Широкими и уверенными гребками она повела лодку вдоль набережной, держась на небольшом отдалении от её мраморных стен. Здесь – мрамор, а в метрополии набережные из гранита, но метрополия стоит на берегу моря, и море это ледяное, солёное, мрамор бы быстро разъело… или же дело в другом? Город богат, как знал Вилле, но и метрополия тоже. Мрамора здесь немало, добывают его где-то в карьерах – где-то за Стеной, и вот ещё зачем нужны патрульные дирижабли и гарнизоны гвардейцев… Мысли набегали одна на другую и путались, поэтому Вилле стал думать о дедушке. Что бы тот сказал, услышав от Сенджи о поджогах, вершимых не дикарями, а какими-то пропагандистами? Сенджи ведь ещё ребёнок. Ребёнок с ножом. Ей просто кто-то задурил голову, а теперь и она, поверив, в свою очередь…

– Сенджи, а кто твои мама и папа?

– Земля и трава, – сказала Сенджи. – Они умерли.

Вилле ощутил неловкость. Зря это он…

– Мои тоже, – и поспешно добавил: «Прости».

В голубых поблёскивающих глазах отразилось изумление.

– Вот оно как, – протянула Сенджи. – Ты, Вилле, выходит, такой же… Не ожидала.
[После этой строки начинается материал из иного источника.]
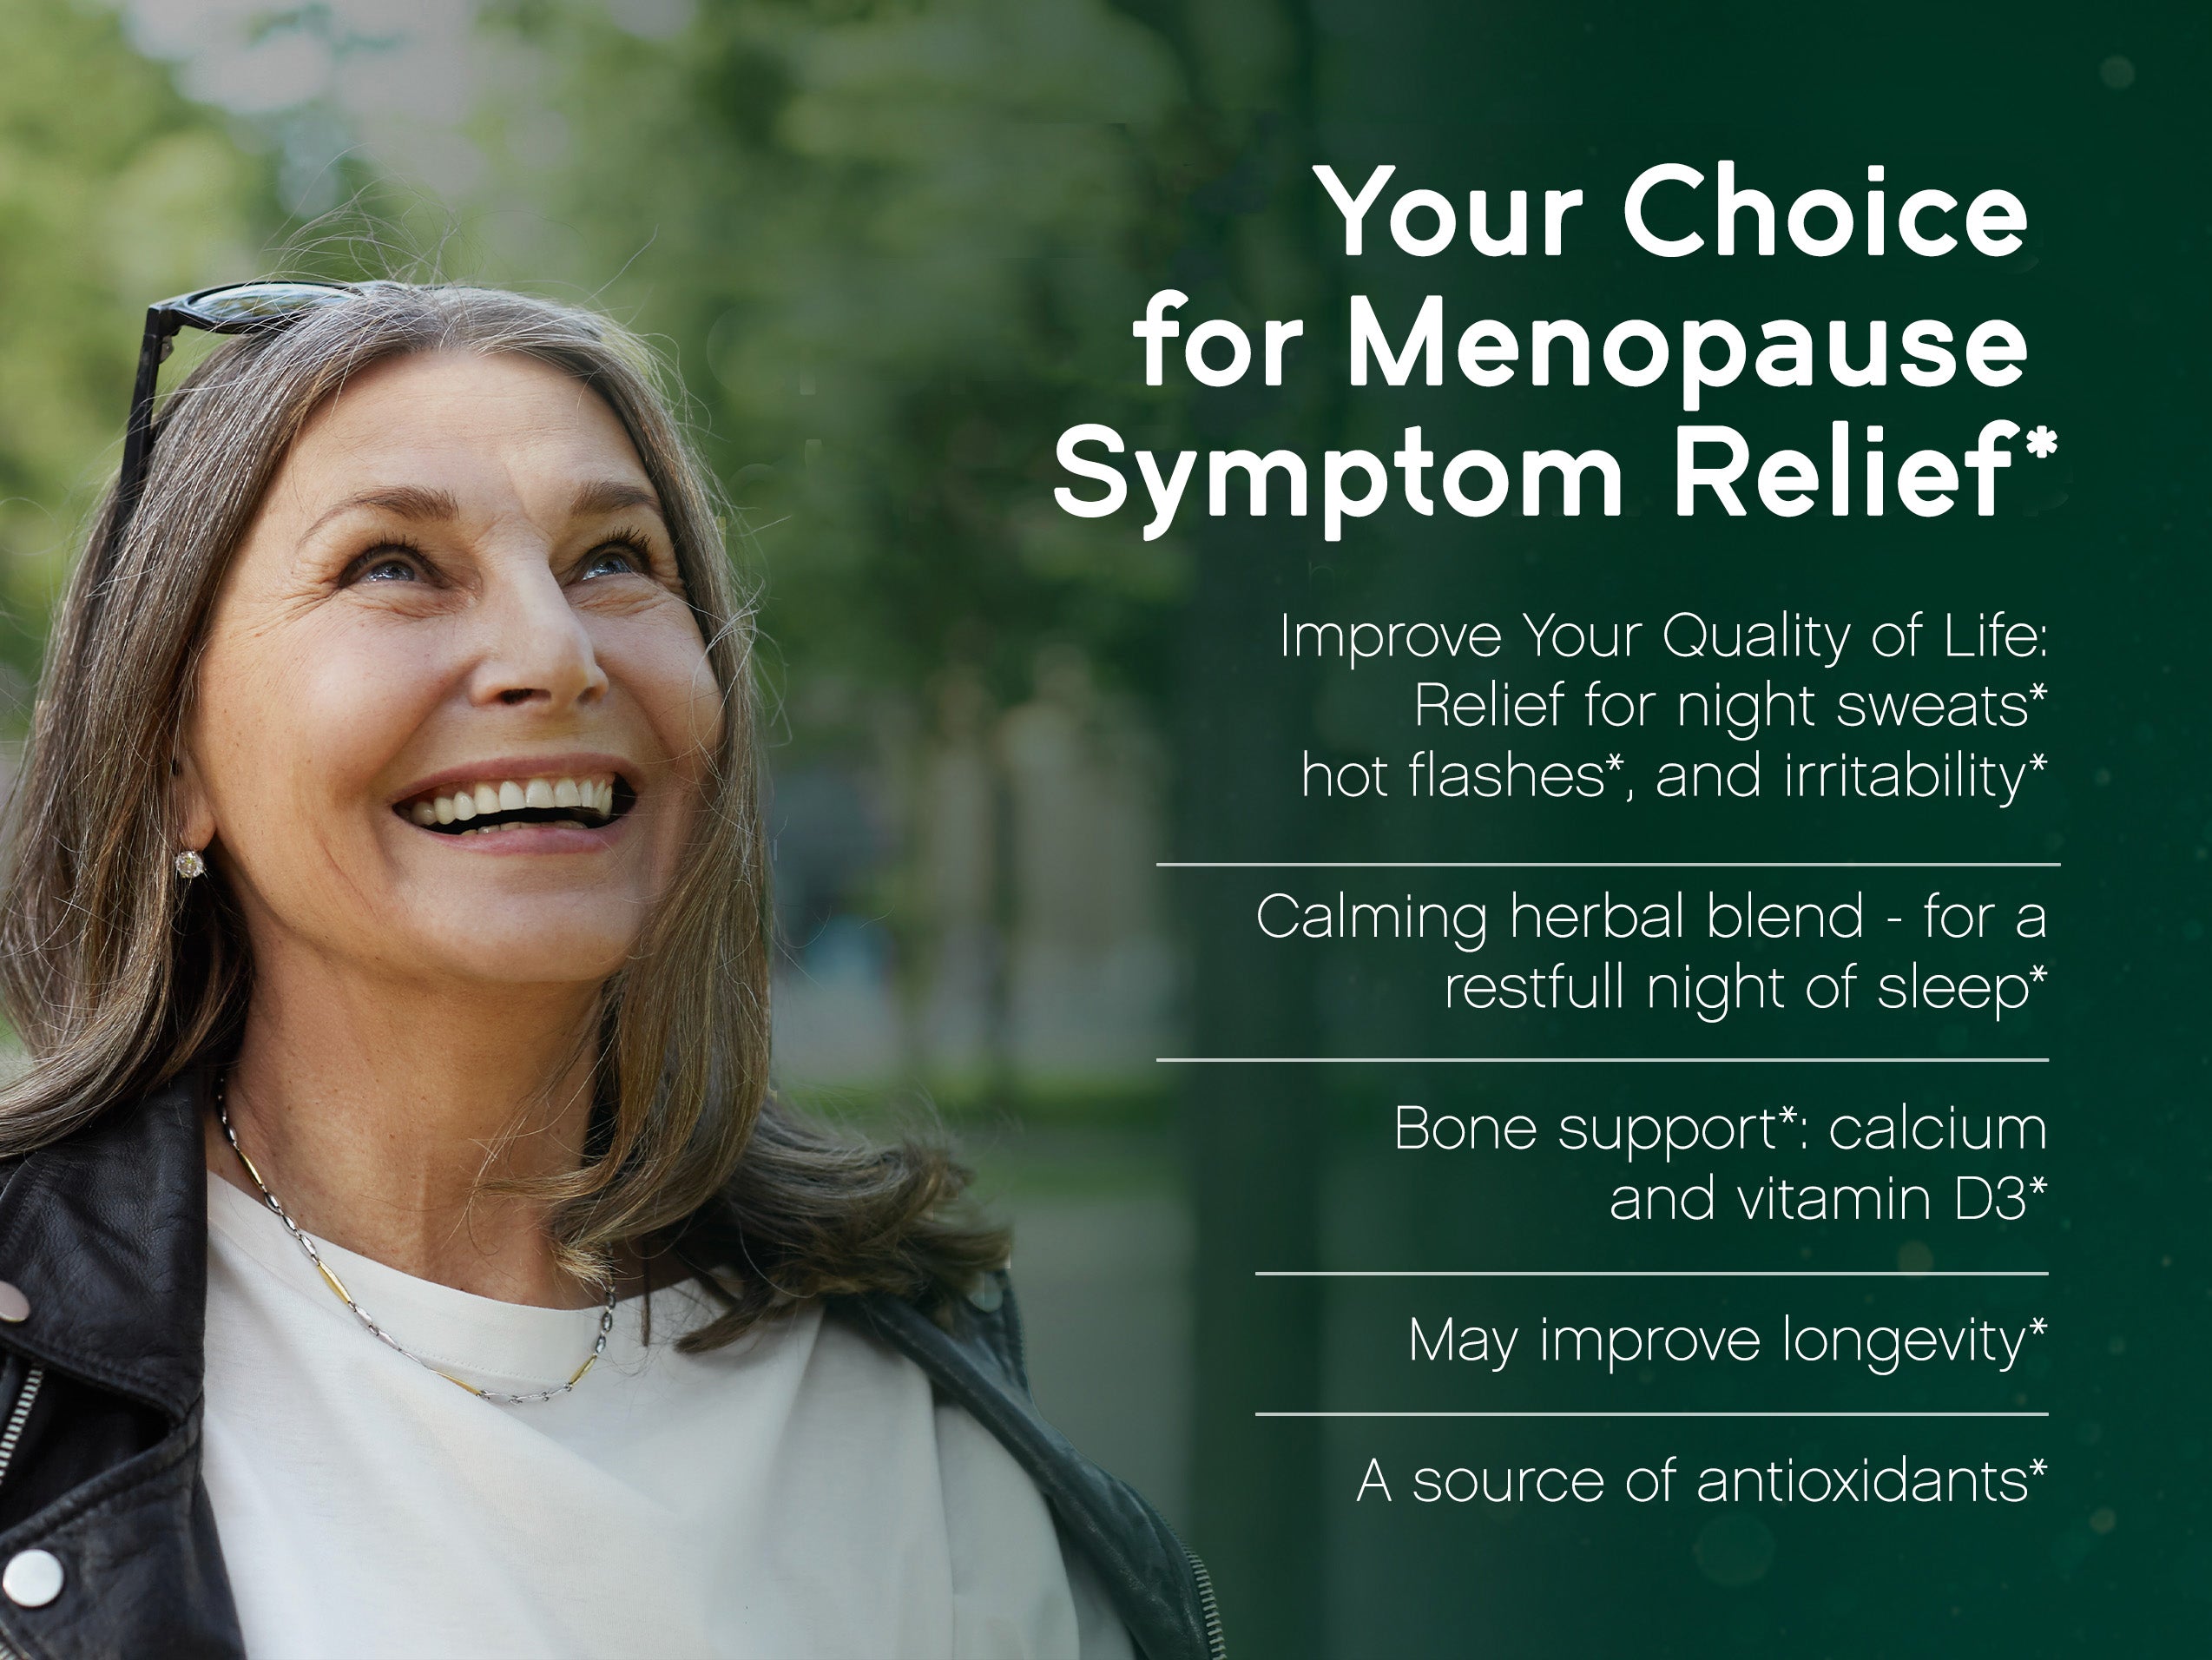 YOUR CHOICE FOR MENOPAUSE SYMPTOM RELIEF

Они помолчали. Сенджи вздохнула.

– Скучаешь по ним?

– Я был слишком маленький, когда это случилось. Они летели на дирижабле, может, ты слышала – «Левиафан». Он разбился в горах. Я очень плохо помню родителей. И давно привык, что у меня их нет.

Сенджи чуть наклонила голову.

– Мне всё равно жаль, Вилле. Потеря – всегда потеря, даже если ты и владел потерявшейся вещью слишком недолгое время, чтобы привязаться к ней и… осознать присутствие. Ты извини, что я говорю так материально. Люди – не предметы, я знаю. Но…

– Да ничего, – удивлённый Вилле не сразу нашёлся с ответом. – Просто у тебя сейчас речь, как у студиоза какого-то… Ты мне не соврала насчет возраста? Может, тебе все восемнадцать?

– Вот ещё, – фыркнула Сенджи. – Я не такая старуха. А если будешь обзываться, получишь в лоб. Тоже мне выдумал – «студиоз».

– Ну, студент…

– Я поняла.

Про своих Сенджи не рассказала, и Вилле не стал расспрашивать («Однако с кем же она тогда живёт?»), ведь и она не спрашивала, что случилось с его родителями, а он сам разоткровенничался, по собственной воле. Но, кажется, они стали чуточку ближе. Во всяком случае, Сенджи довольно-таки мирно попросила Вилле убрать ноги под лавку, чтобы не мешались, и предложила глотнуть воды – в лодке у неё была фляга. Вилле сказал спасибо и, открутив колпачок, сперва опасливо принюхался: фляжка напомнила ему про Анри и его, как тот называл, огненный лимонад. Сенджи, заметив, заверила, что травить Вилле у неё и в мыслях не было «Другое дело ножом», – подумал Вилле и объяснил спутнице, почему это он так нюхает, а заодно и изобразил, как смешно у Анри начинает заплетаться язык, когда он переберёт своего «лимонада». Сенджи опять расхохоталась, уже не вымученно, а искренне. Дуга моста, по которому шли горожане, осталась за изгибом канала. Черепичные крыши домов ремесленников и яркие вывески лавок отражались в зелёной воде.

– Там в мешке, откуда ты взял фляжку, есть ещё фонарь. Достань его, пожалуйста.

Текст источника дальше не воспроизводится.